Aproximadamente, 11 milhões de unidades de concentrados de hemácias são transfundidas anualmente nos EUA, o que torna a transfusão de hemácias uma das mais frequentes intervenções na prática médica. As hemácias são tipicamente transfundidas como um concentrado, embalado, com uma solução conservante (hematócrito, 60%) que permite até 42 dias de armazenamento refrigerado. Em média, a transfusão de 1 unidade de concentrado de hemácias, que tem um volume de 350mL, resulta em um aumento de hemoglobina de 1g/dL em um adulto com volume sanguíneo estável.

As hemácias fazem a entrega de oxigênio para as células e quase todo o oxigênio circulante está ligado à hemoglobina nas hemácias.
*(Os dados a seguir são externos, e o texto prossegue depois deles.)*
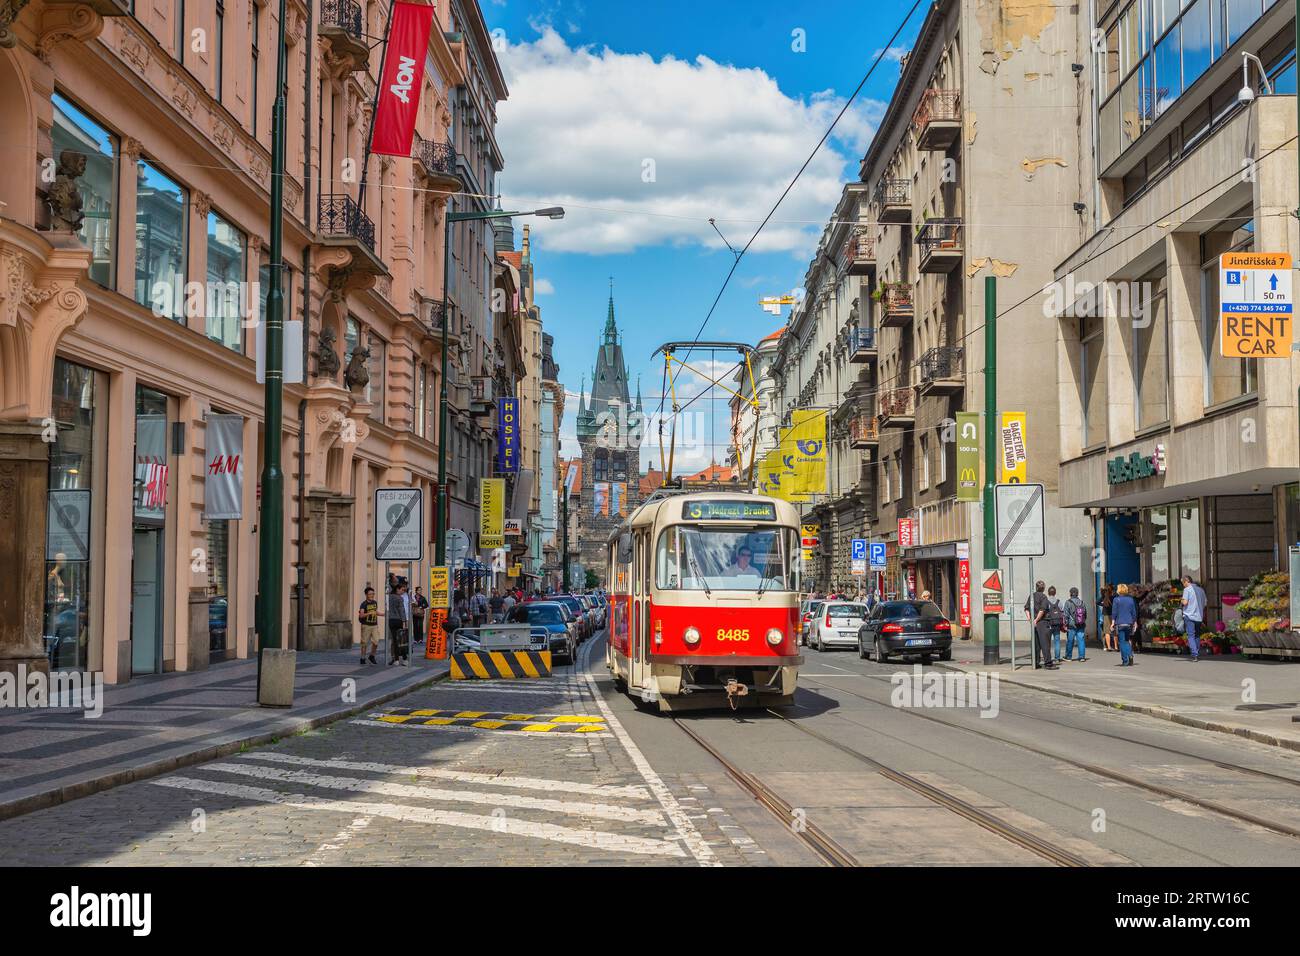 Prague République tchèque - 28 juin 2015 : Prague République tchèque, Tram près de la place de la vieille ville de Prague, Tchéquie Banque D'Images

Assim, em teoria, a anemia tem o potencial de causar um prejuízo significativo à entrega de oxigênio aos tecidos. Uma fórmula sumariza este processo:

Oferta de oxigênio (DO2) = Débito cardíaco x conteúdo arterial de oxigênio

Apesar disso, a entrega de oxigênio não é fortemente comprometida pela anemia, pois o decréscimo de conteúdo arterial de oxigênio que ocorre com a queda dos níveis de hemoglobina e hematócrito pode ser compensado pelo aumento de débito cardíaco e pelo desvio à direita da curva de dissociação de hemoglobina, o que facilita a liberação de oxigênio da hemoglobina para os tecidos.

Somente com níveis de hematócrito abaixo de 10%, poderia haver algum comprometimento da oferta de oxigênio pela diminuição do conteúdo arterial de oxigênio. Porém, em pacientes criticamente doentes, podem ser necessários níveis de hemoglobina e hematócrito maiores para uma entrega de oxigênio satisfatórias. Estudos antigos demonstravam ainda aumento de mortalidade em pacientes internados com anemia que seriam submetidos a intervenções cirúrgicas; nesses pacientes, mesmo quedas discretas de hematócrito de 3% eram associadas com um aumento de 10% de eventos cardiovasculares e desfechos ruins.

Historicamente, se utilizava a regra 10/30 para indicação de transfusão de concentrado de hemácias, com pontos de corte de 10g/dL para os níveis de hemoglobina e de 30% para o hematócrito. Estudos clínicos randomizados mostraram que os resultados anteriores de estudos observacionais e a racionalidade fisiopatológica dos benefícios da transfusão superestimaram os benefícios associados à transfusão de sangue. Uma revisão sistemática com 31 pacientes avaliou a eficácia da transfusão de hemácias.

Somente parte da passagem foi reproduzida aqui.